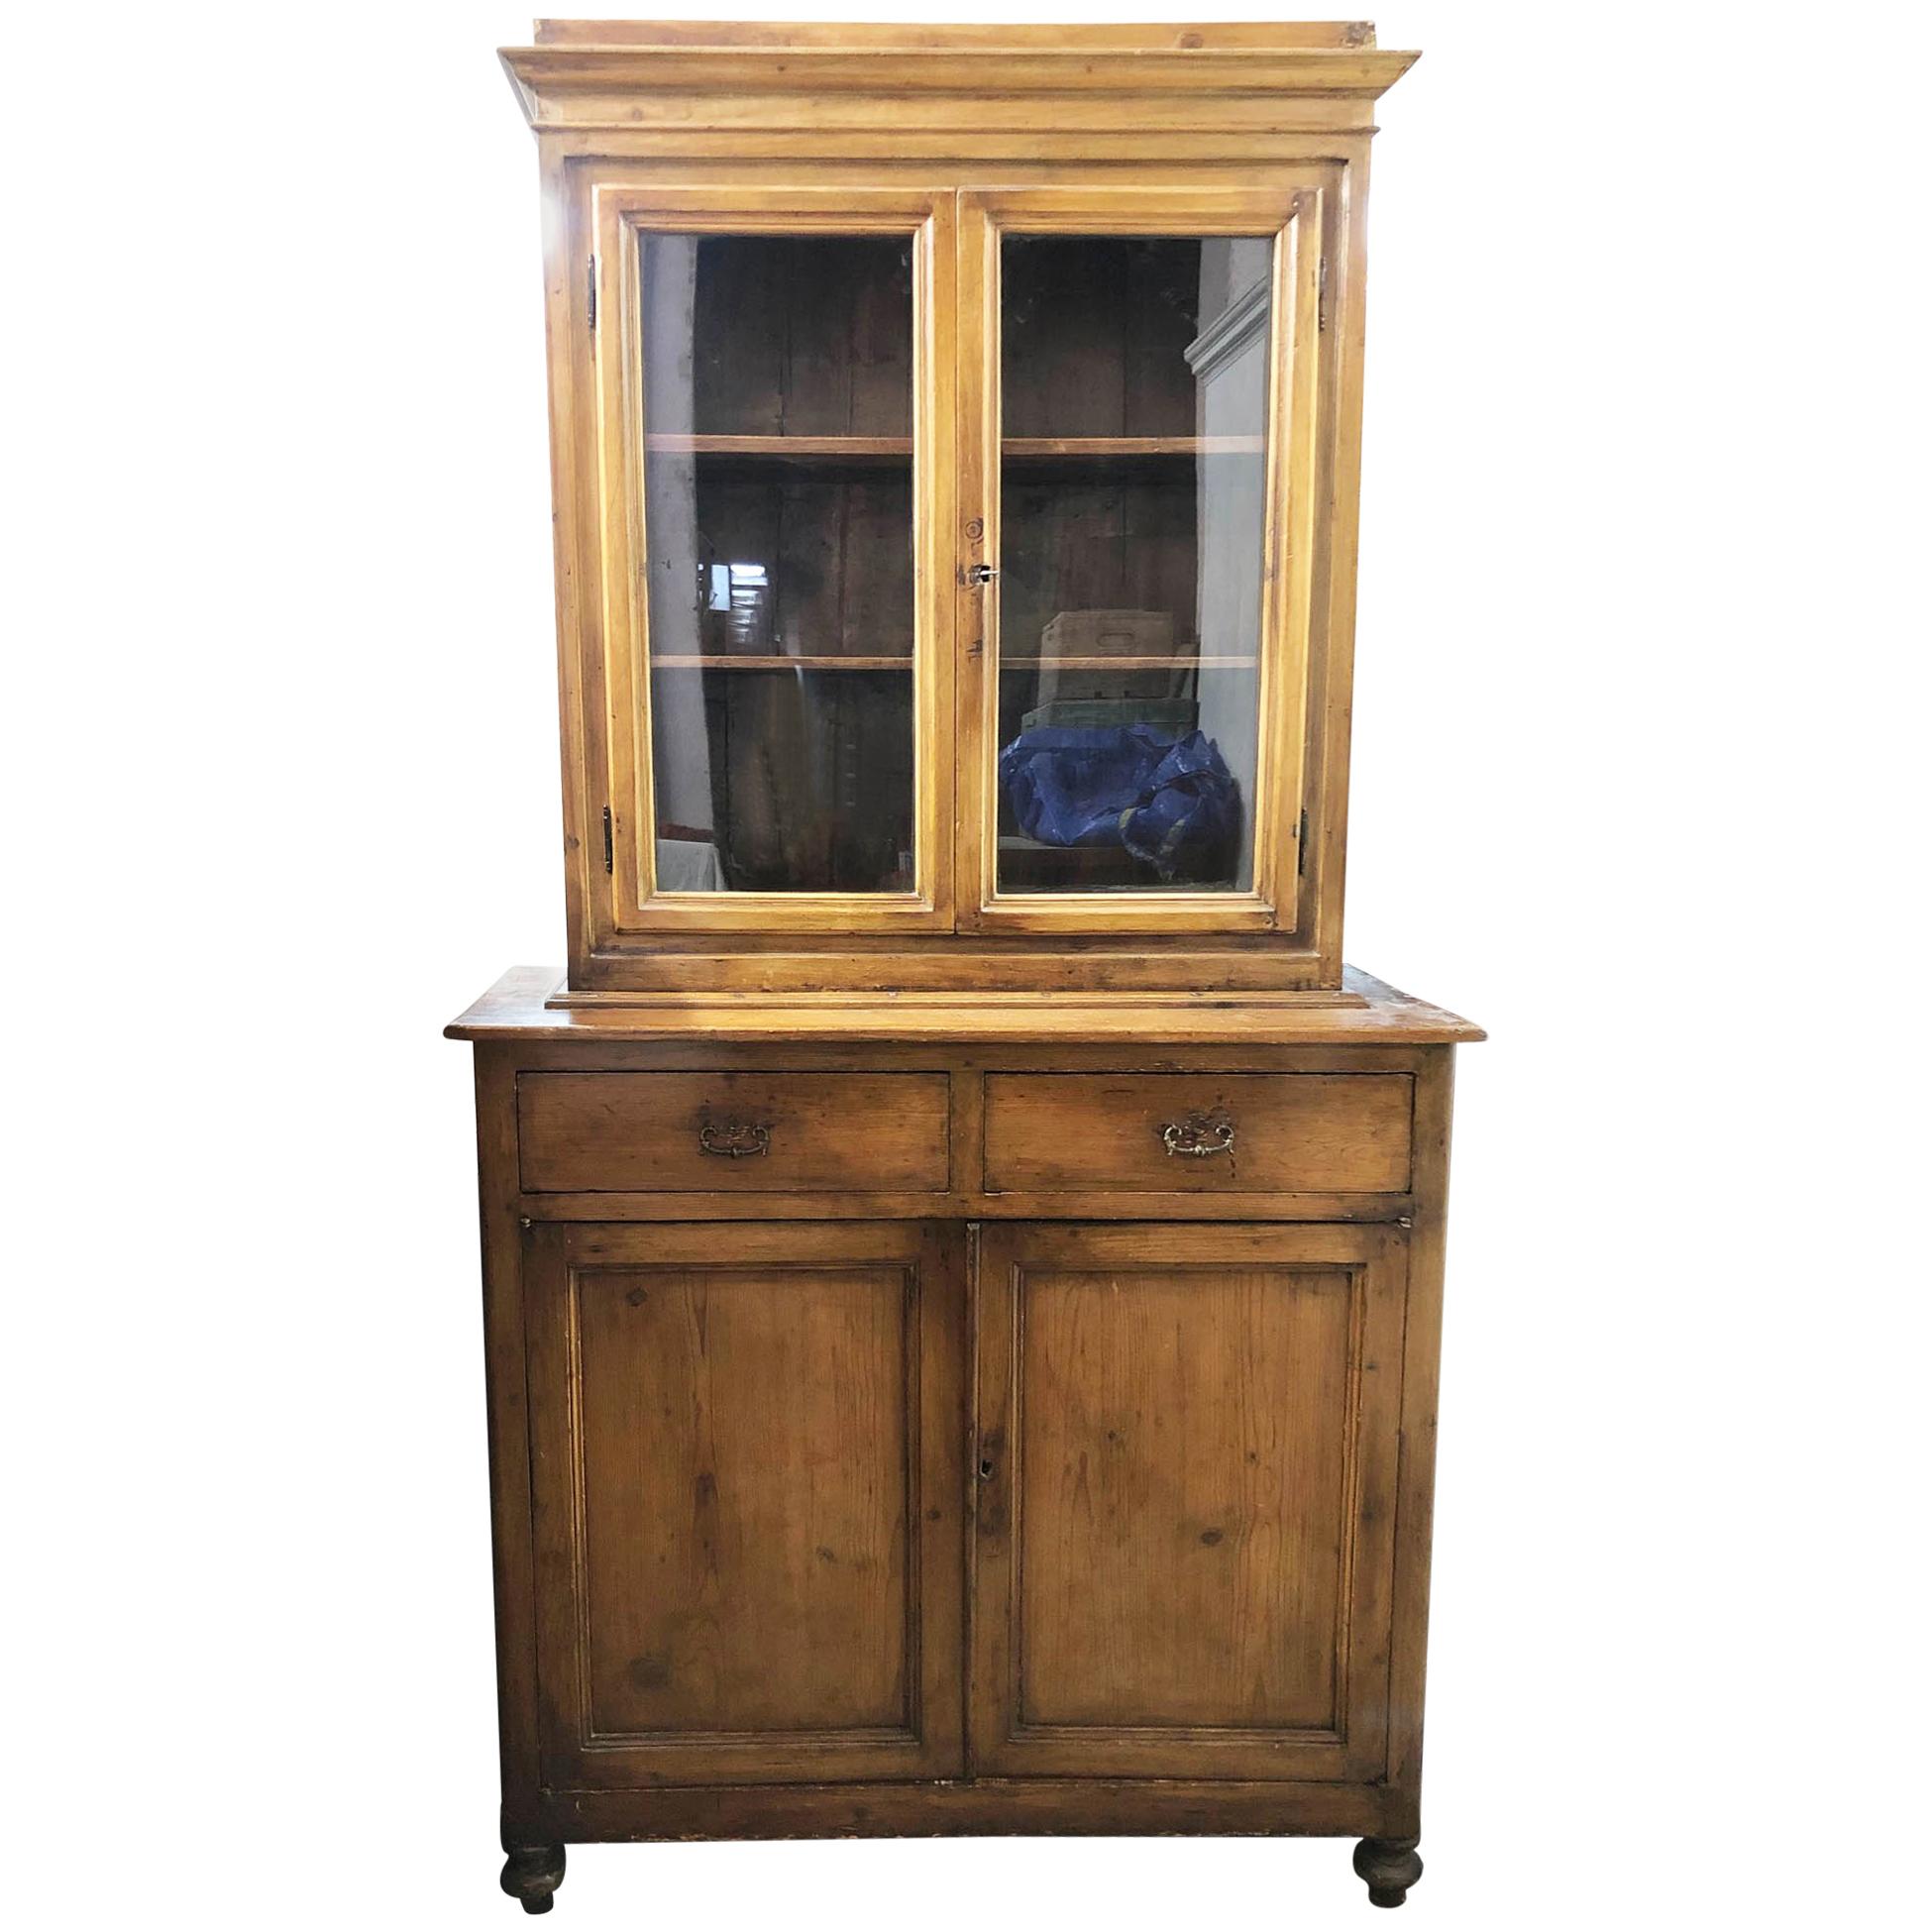 Early 20th Century Antique Tuscan Fir Showcase, Restored, Wax Polished
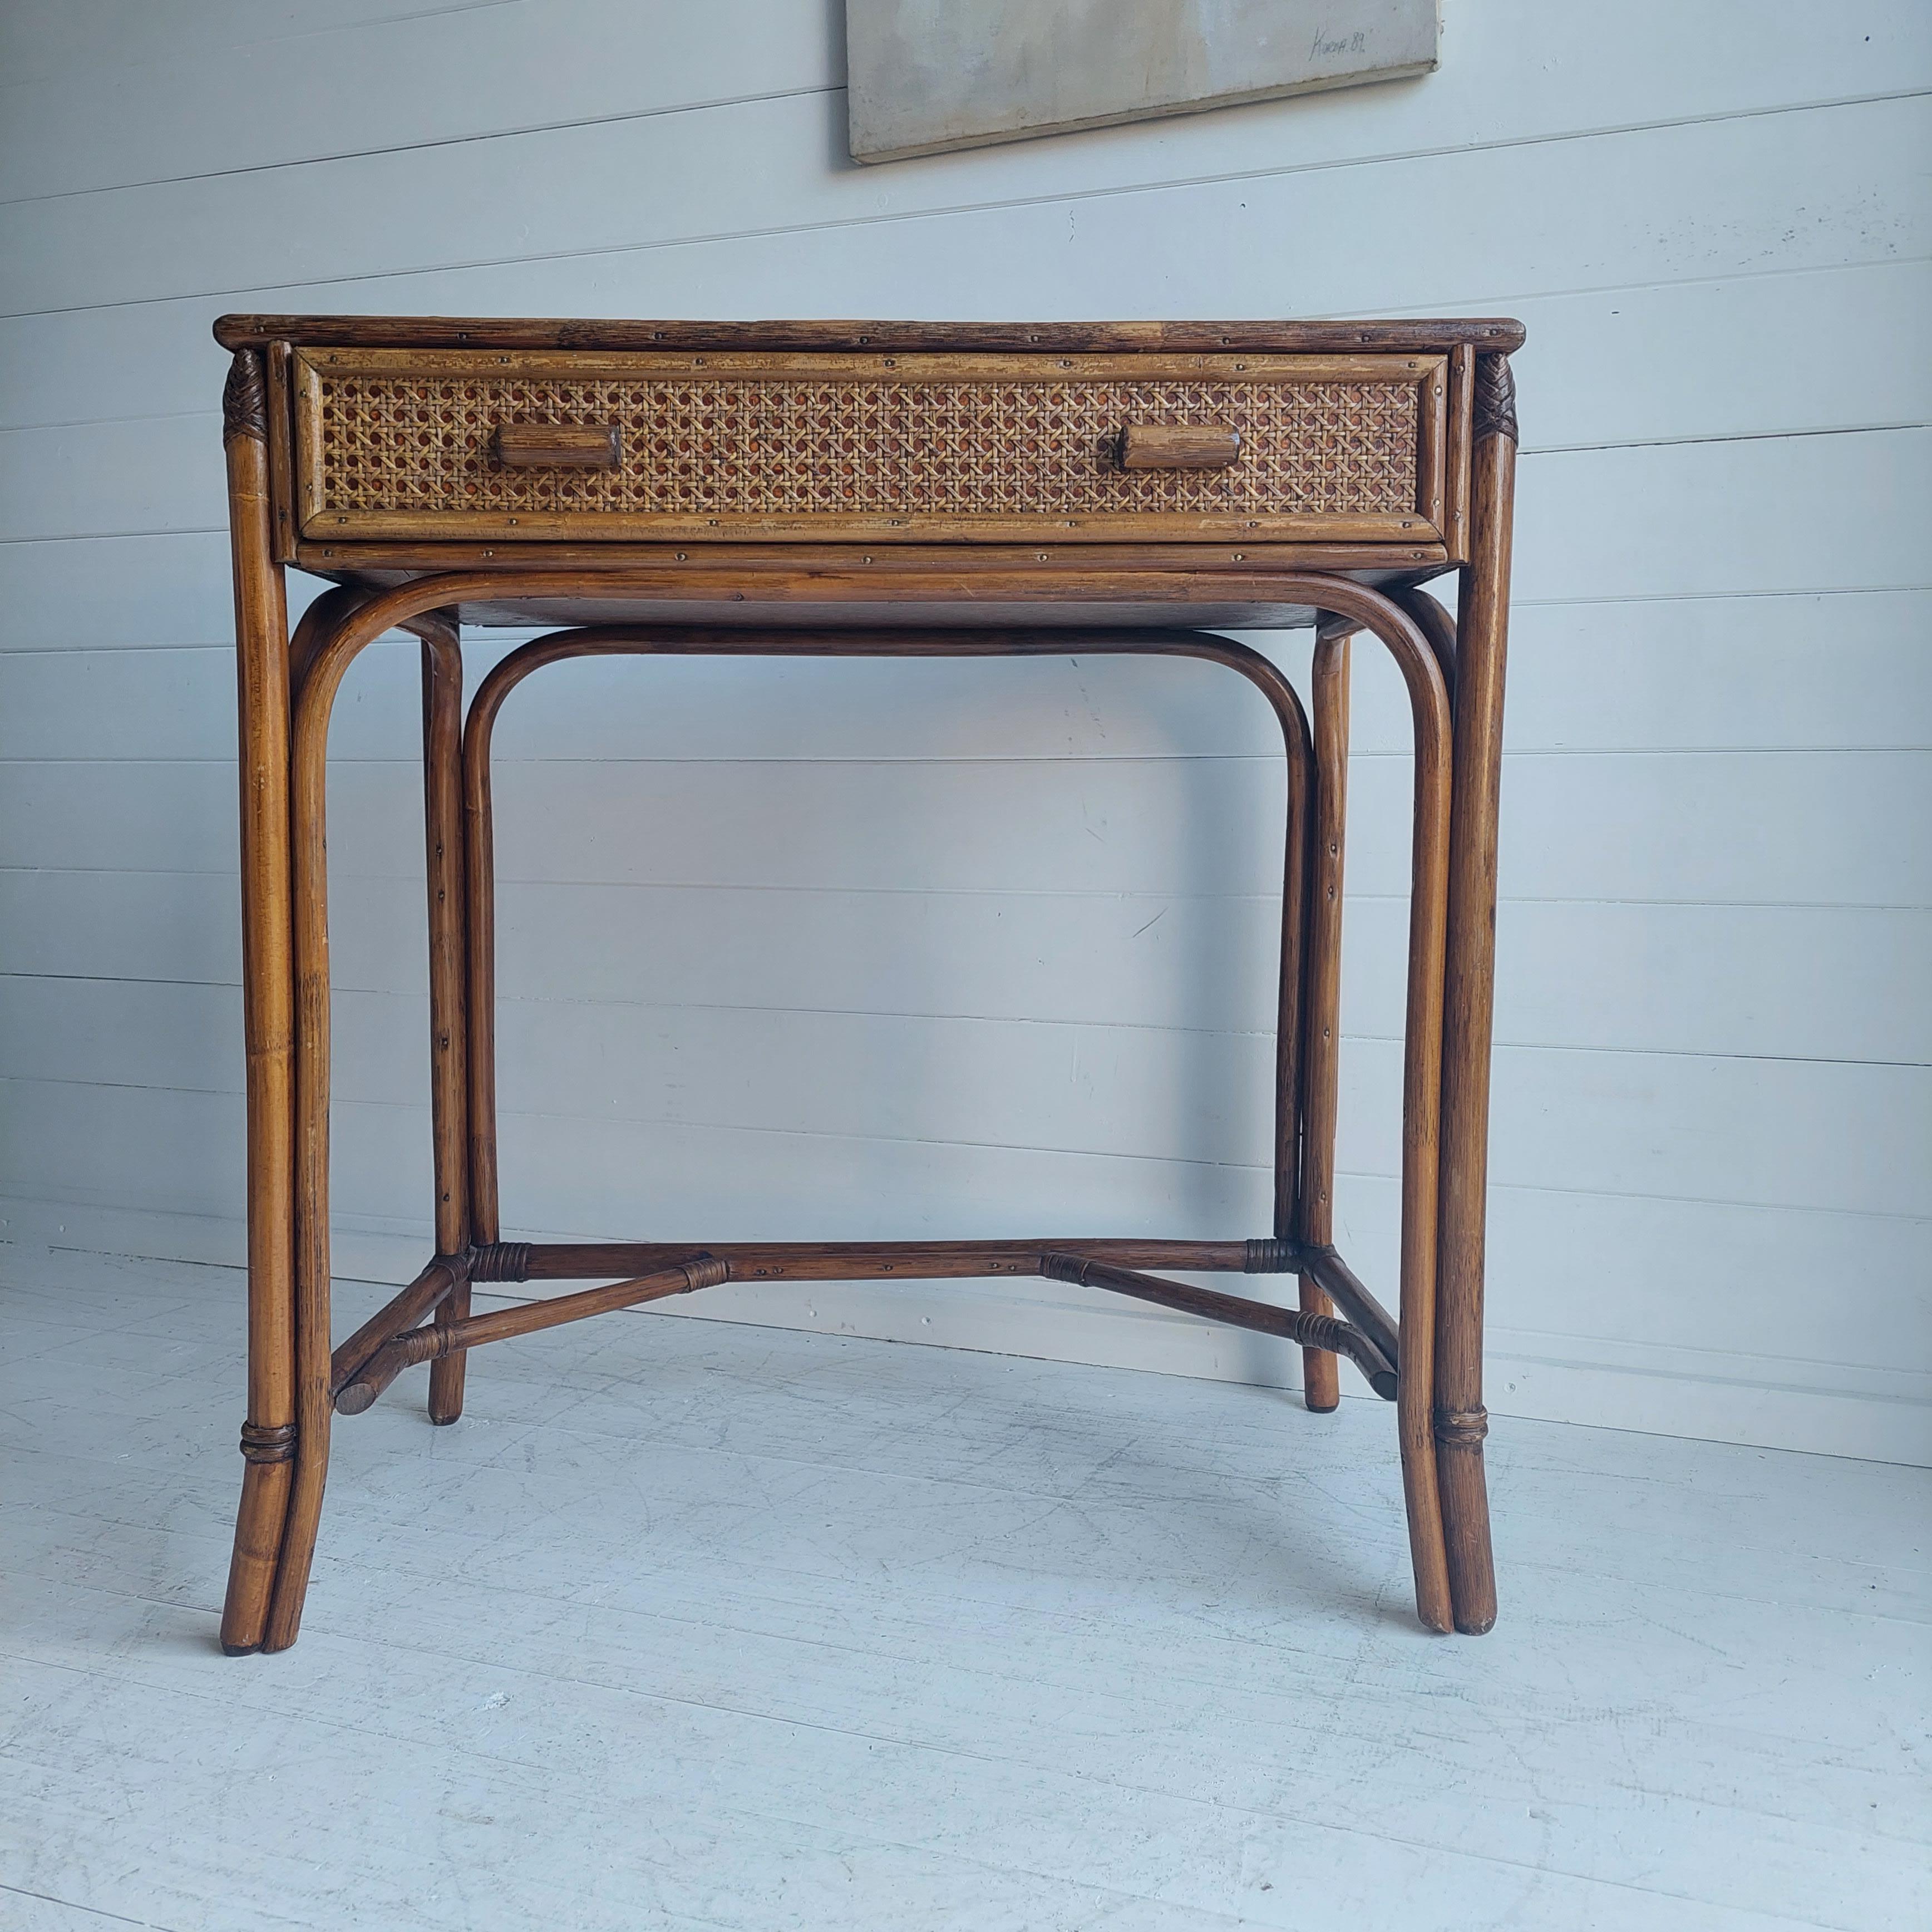 Vintage Angraves Bamboo Rattan Dressing Table 
Beautiful vintage dressing table by the renowned Angraves of Leicester
It could also be used as a desk or make a lovely console table.

Rattan Cane bamboo glass topped dresser/vanity circa 1970s. 

An

§ TASK OBJECTIVE: The output should consist of the records above, reproduced exactly, without pictures.

§ ANSWER TO THE EXERCISE:
 Early 20th Century Antique Tuscan Fir Showcase, Restored, Wax Polished
 Vintage Angraves Bamboo Rattan Dressing Table 
Beautiful vintage dressing table by the renowned Angraves of Leicester
It could also be used as a desk or make a lovely console table.

Rattan Cane bamboo glass topped dresser/vanity circa 1970s. 

An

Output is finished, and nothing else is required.